Human testimony added to teh bot info could be considered authoritative.
How effective is HTML or a URL when presented by them? I feel that much like a screen shot, those things could be falsified. I'm not saying that they ever do that or have intent to, I'm just saying that it doesn't seem like reliable evidence. Anybody could whip up a bot that seeks pages with relevant keywords and then inserts copyrighted image links into the html it scraped. A person witnessing such a bot at work would be no more reliable than the bot itself.
Internet archive could be used. One again, evidence can be ambiguous especially with images.
So far I have only received one very uninformative DMCA. I don't know if there will be more. The Archive has no record of that date because I must have blocked it about three or four months prior without even knowing it.
When you say that evidence can be ambiguous, is that in favor of the accuser?
Depends what exists at the time of any subpoena, right? They can't demand something that does not exist be re-created. But bear in mind: They may have evidence they need. You don't know.
That was my thought.

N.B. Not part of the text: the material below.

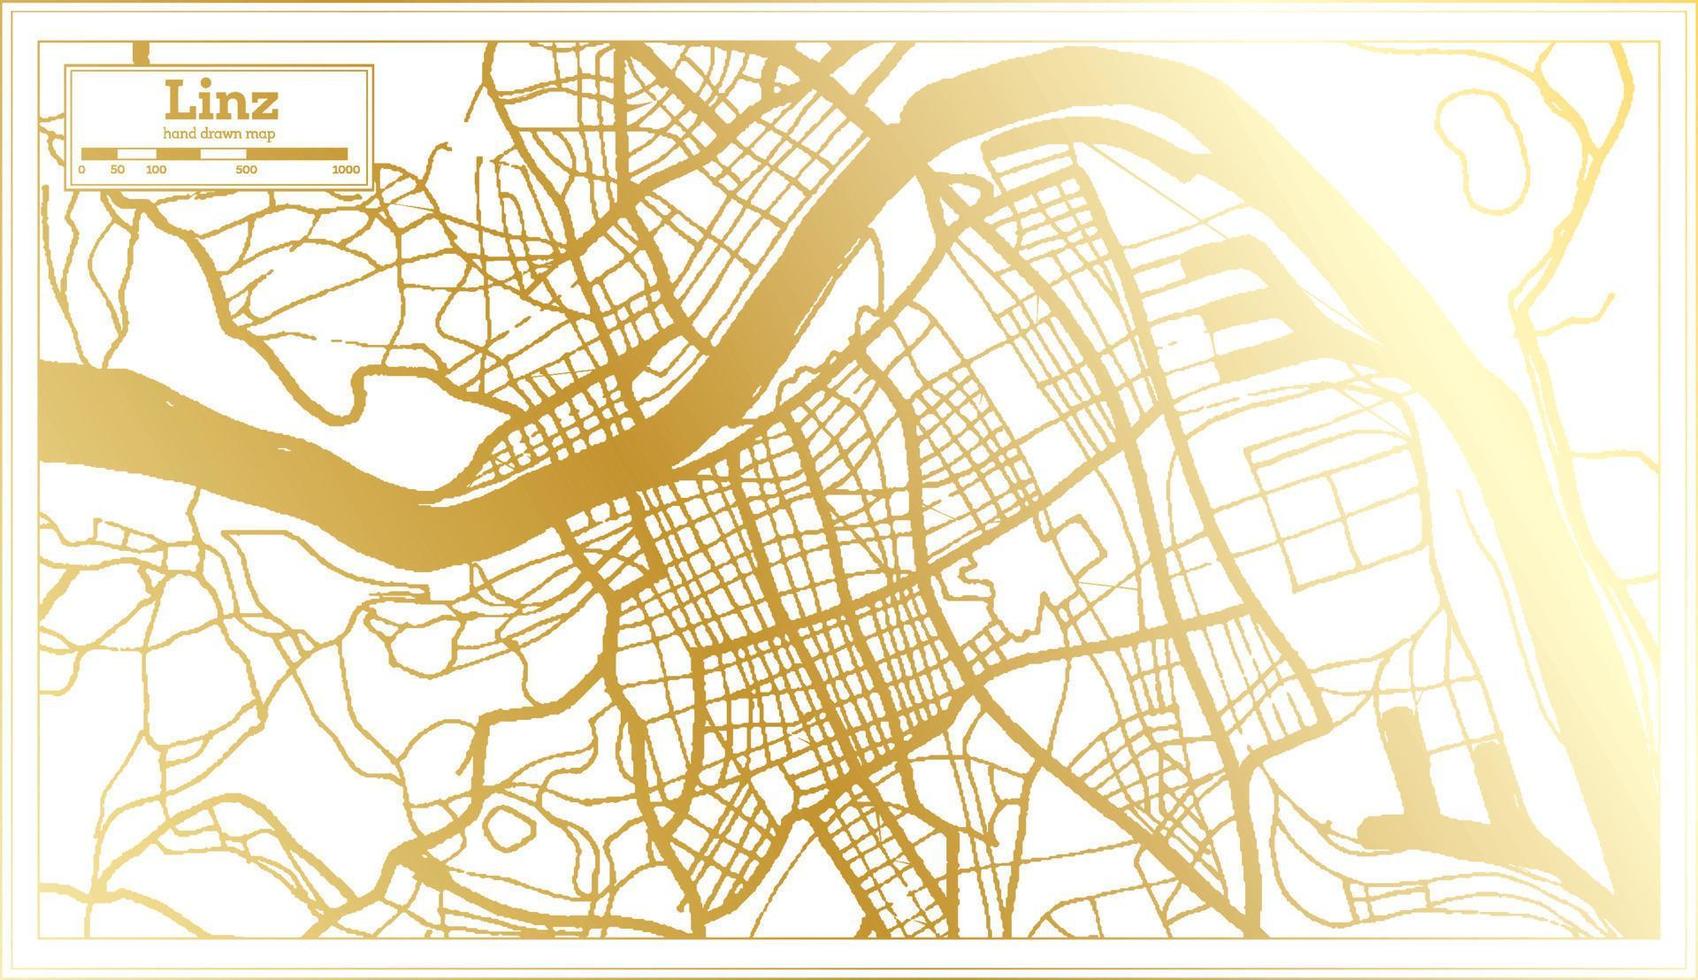 plan de la ville de linz autriche dans un style rétro de couleur dorée. carte muette. vecteur

Every day longer it goes, the more likely it is that evidence will be destroyed. That is also why I'm trying to figure out what they might have.
My guess is they don't keep logs any longer than you do. Storing that data is a nuisance and business cost for them. The real issue is what BWP has already collected and/or what you might reveal or be forced to admit.
Again, what I was thinking. What types of things do you think someone might be forced to admit?
If it's off your server, don't worry about future discoveries. Only worry about whether they saved html and so on. Bear in mind: These companies tend to be very slap dash and count on scaring people. That said, we don't know with BWP. There are a shit was of cases in the pipeline, but we don't know what ultimately happened.
It's not really future discoveries that I'm worried about. This situation is changing the whole policy and purpose of the site, should I even decide to continue forward with it. I believe I received a notice from the Randy Taylor that everyone has talked about here. It seems his work hasn't always been top notch in the past. Then I read elsewhere online that it looks like a number of these are actually going to trial. So I don't really know what to make of the situation. It's odd that so many are filed and some are going to court because that doesn't seem to fit the usual troll model.
Honestly, I think as long as you don't have a stored version of the old database, you are fine. Hostgator isn't going to be set up to sift through a mountain of data and they might pushback if asked to do so.
Also what I was thinking again. HostGator is a budget host. They are set up to do the minimum and take on a ton of people on each server. Seems it would be too much of a pain to keep that much info. I think I also read somewhere a few months ago that they had not been quick to turn over information in some case when subpoenaed.
Are you set up multi-author? With each registered person having their own login/email/password? If yes, you must have a roster or registered authors or contributors. Blog posts would be filed under the authors who wrote them. It's true WP won't keep the IP they used when the wrote that post, but it does keep track of the author of a particular post. (At least my WP does.). Also comments are listed under the commenter. IPs are saved for comments.
It is multi-author. Each does have a separate account. There are also about 2,000 registered subscribers.